Stop Manually Sorting Your List In Python If Performance Is Concerned

At least for myself, most of the time when I code using Python, I am dealing with collection types. That includes the native Python List, Set, and Dictionary, as well as some third-party collection types such as Numpy Array and Tensorflow tensors. The latter are usually much faster because they are implemented using CPython or whatever C-related extensions.
However, sometimes it is too overwhelming to use them. Especially when we are developing an application that is irrelevant to Data Science, these libraries might be bulky to be involved just for better performance.
In this article, I'll introduce a library called Sorted Containers, which provides the best practice when a sorted collection type is needed. I'll cover the two major types from this library: Sorted List and Sorted Set.
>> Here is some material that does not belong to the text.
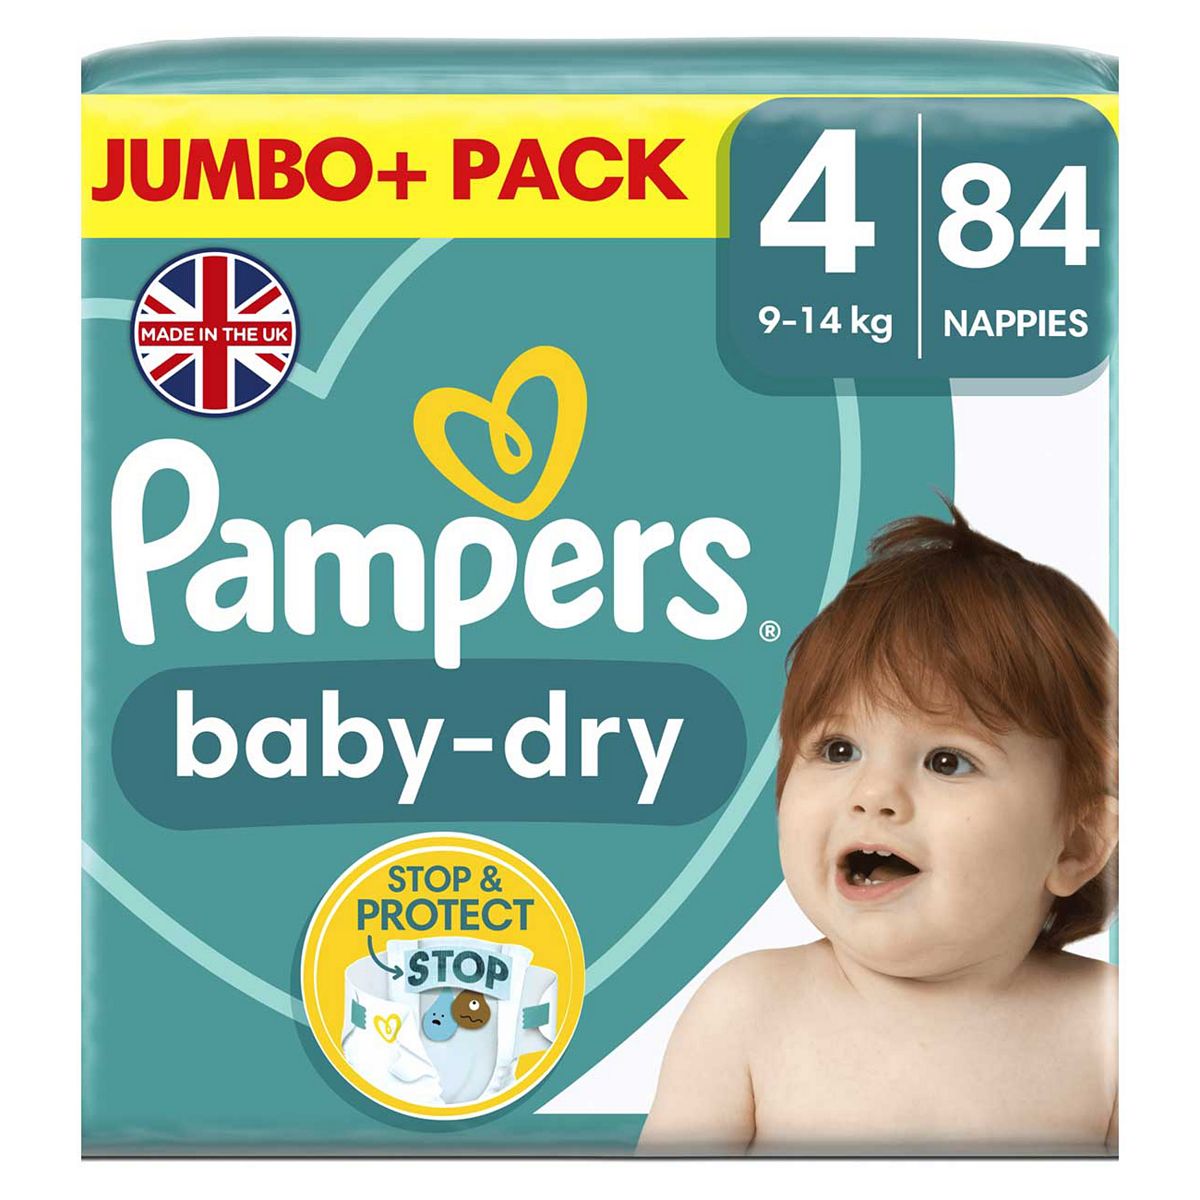 Pampers Baby-Dry Size 4, 84 Nappies, 9kg - 14kg, Jumbo+ Pack GOODS Boots

I will give some real-world examples to make it easier to understand.
Before everything, make sure you've installed the library using pip
.
pip install sortedcontainers
1. Sorted List – Real-Time Leaderboards

1.1 Plain Python Code Implementation
As mentioned, I'll use some real use cases to demonstrate the library rather than repeat the documentation.
Suppose we are developing a process that maintains a list of users with their scores. Whatever the score is about, it could be a game or something else.
Let's implement this feature without the Sorted Container to see what it looks like. Before everything, we need to create an existing list with names and scores in tuples.
Python">leaderboard = [('Alice', 50), ('Bob', 40), ('Chris', 60)]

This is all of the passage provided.